[[ Recorded information, beginning ]]

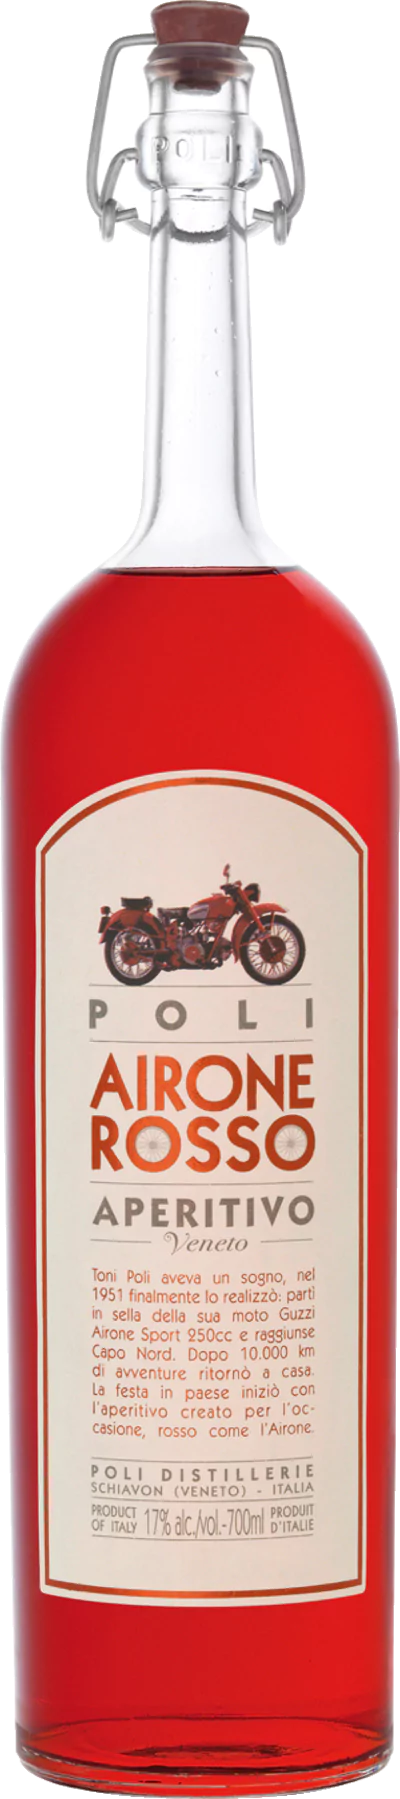 airone rosso aperitivo - Die Welt der Weine
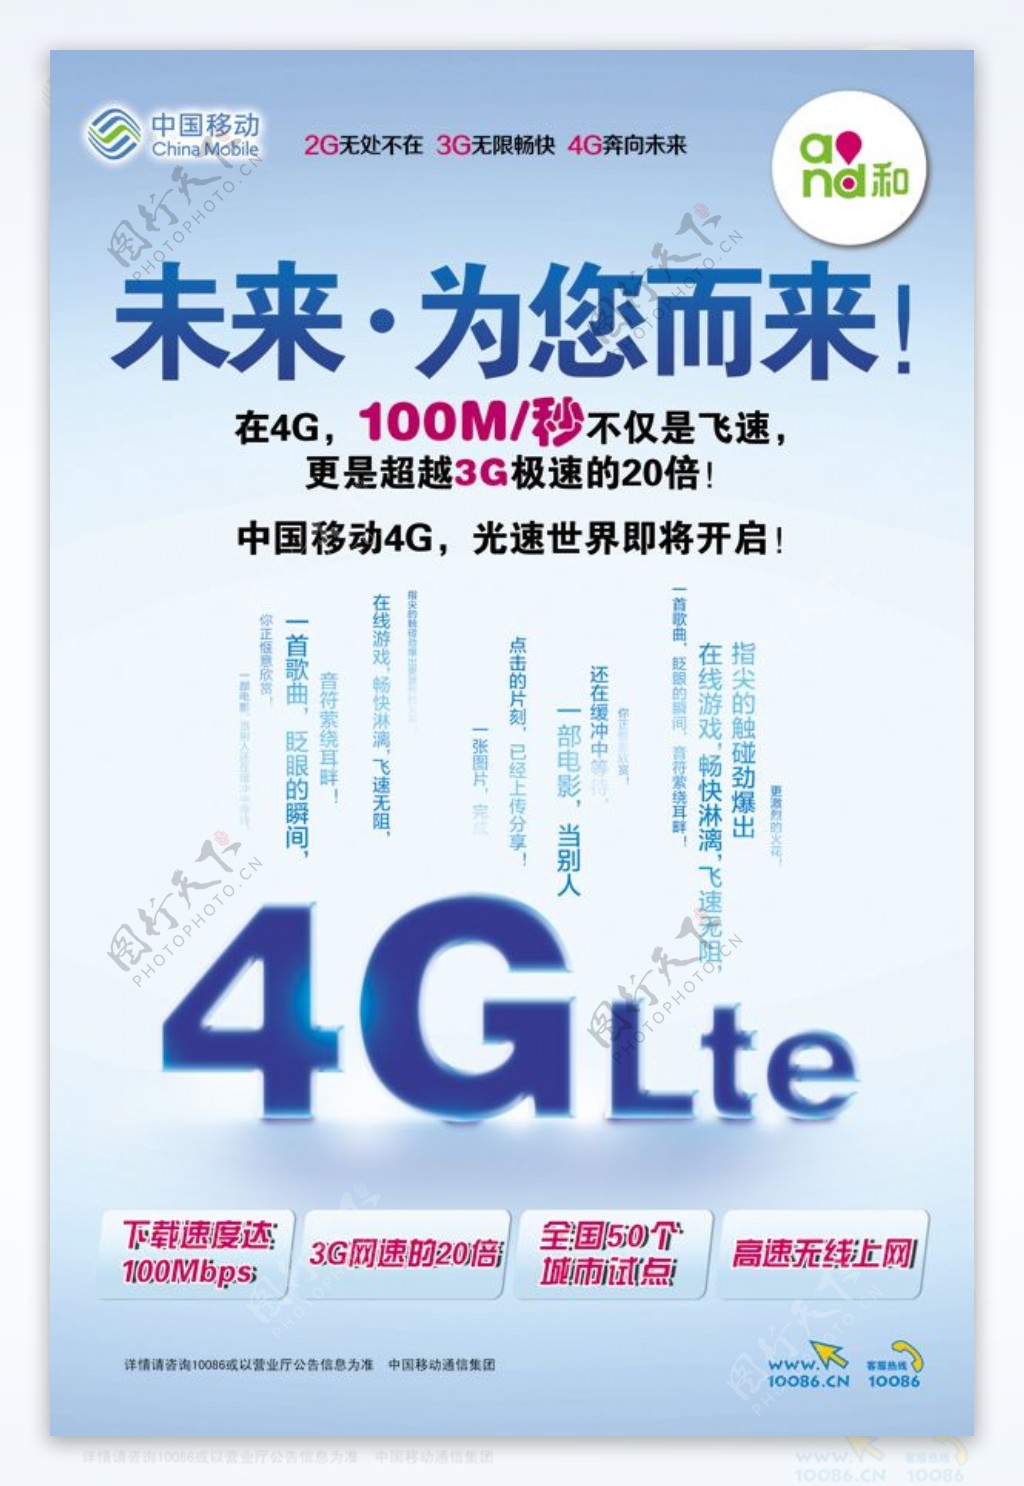 中国移动4G宣传海报PSD素材
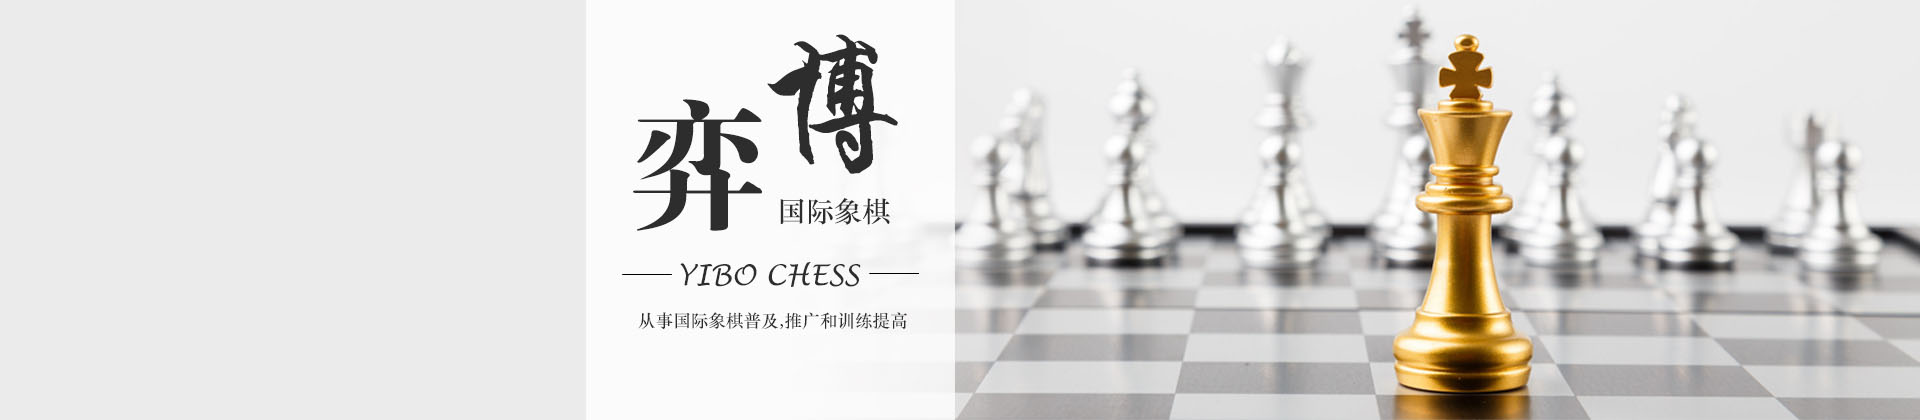 广州弈博国际象棋

[[ Recorded information, end ]]

• **Description of the task**: In your transcription of the listing above, match each line exactly and include no pictures.

• **Answer section**:
 airone rosso aperitivo - Die Welt der Weine
 中国移动4G宣传海报PSD素材
 广州弈博国际象棋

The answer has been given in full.